Hi everyone
I’m in a bit of quandary over the best way to create my tables to allow for an ‘optimised’ filter based search of tens-of-thousands of users.
I have a site that stores respondents information (for market research projects). For each user/respondent, there can be up to 50 individual pieces of info about them, in the form of answers to questions such as ‘email’, ‘gender’, ‘location’, ‘medical issues’ and so on. Information held can be in a variety of formats i.e. ‘number’, ‘string’, etc,(mainly in the form of dropdown selections but some with free-text input) and each question could have anything from 2 option choices (yes, no) to 200 option choices (think location dropdown for instance). The 50 questions are made up of 7 categories: (1) User [10 Questions], (2) Personal [17 Questions]l, (3) Work [7 Questions], (4) Tech & Comms [5 Questions], (5) Consumer Behaviour [5 Questions], (6) Utilities [3 Questions], (7) Communication Preferences [2 Questions].

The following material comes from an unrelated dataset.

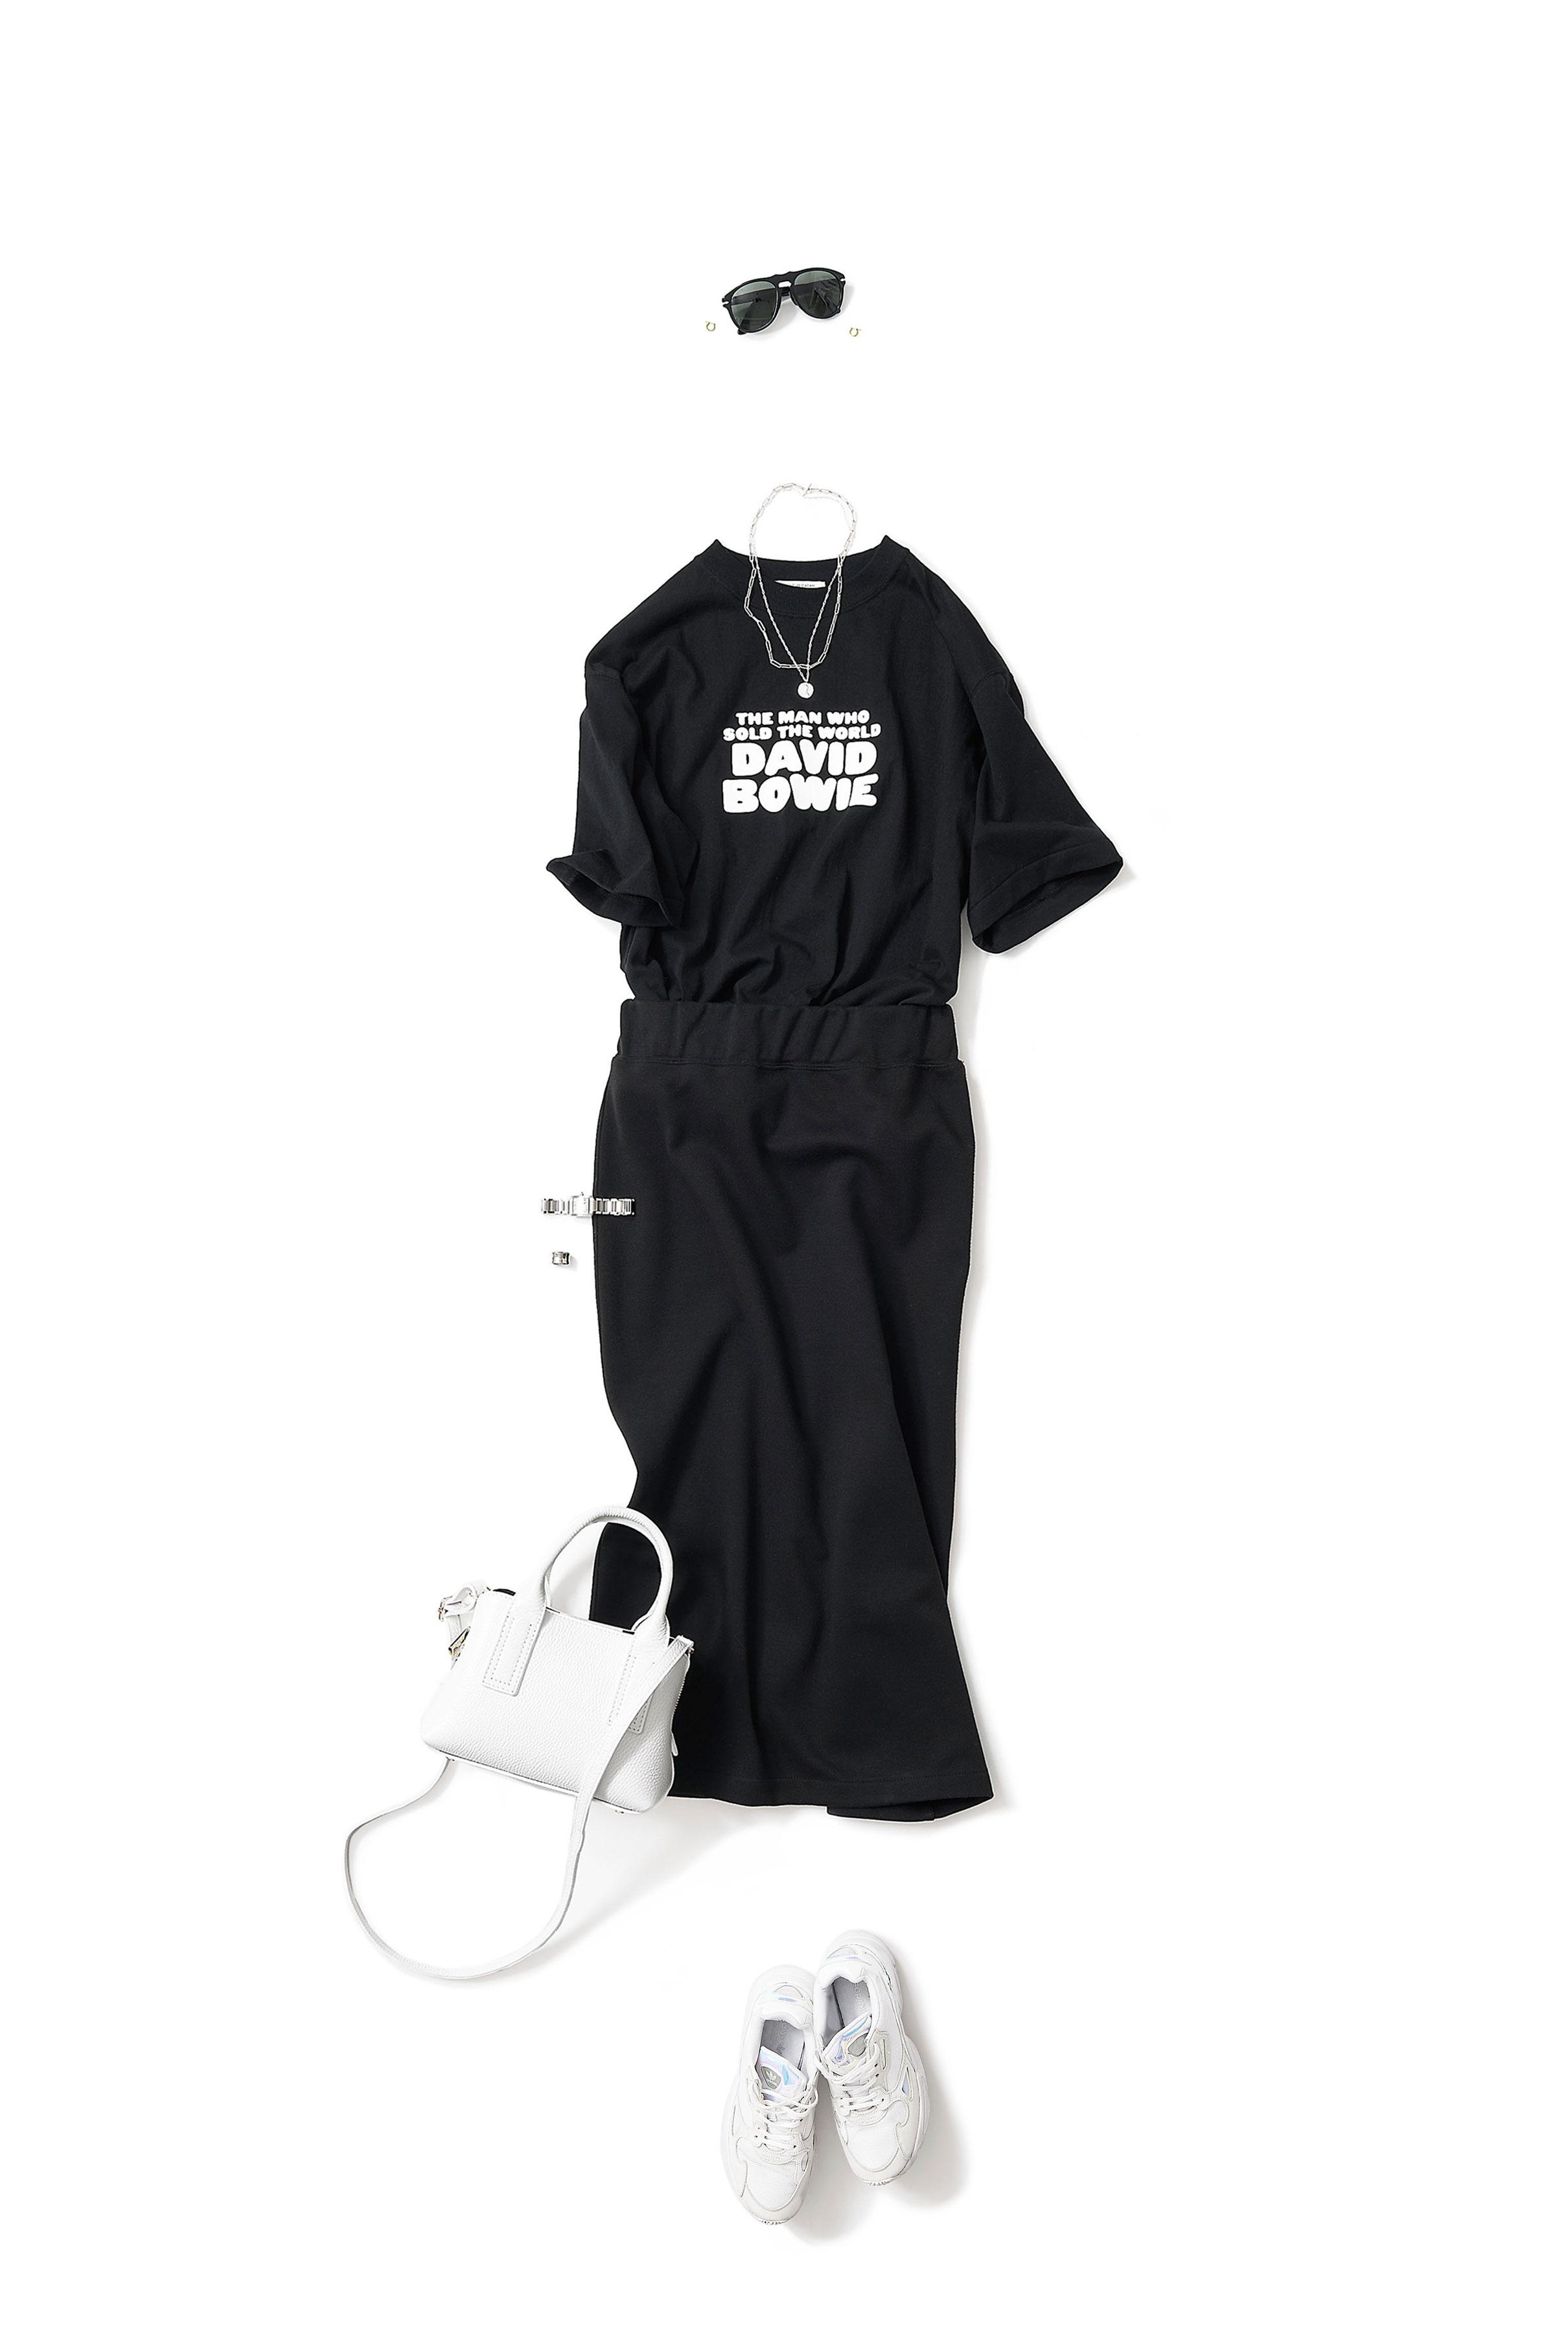 Tシャツ×タイトスカート・part 2

What I’d like to know, is if there is an optimal database design/structure to house this information, particularly considering that we have to search through tens of thousands of users through filtered searches? For example, we might need to find males that have an income of X, live in a particular location, and have a certain mobile/cell provider.
Currently I have considered 3 possible ways of doing this but cannot determine the best/optimal choice.
-
To have just one ‘User’ table (with the additional schemas/columns added to it) containing all the 50 data points.
-
To have two related tables, one for ‘User’ (with basic signup info) and the rest of the info/data points held in another table (lets call it ‘Info’).
-
To have 7 related tables, that represent the categories mentioned above. So one for ‘User’, and then ‘Personal’, ‘Work’, ‘Tech & Comms’, ‘Consumer Behaviour’, ‘Utilities’, 'Communication Preferences’.
Ultimately, I’m trying to plan for the worse case scenario where we have to search/filter across all 50 datapoints for 100,000+ users, without the query/result taking forever to be returned (or worse, timing out).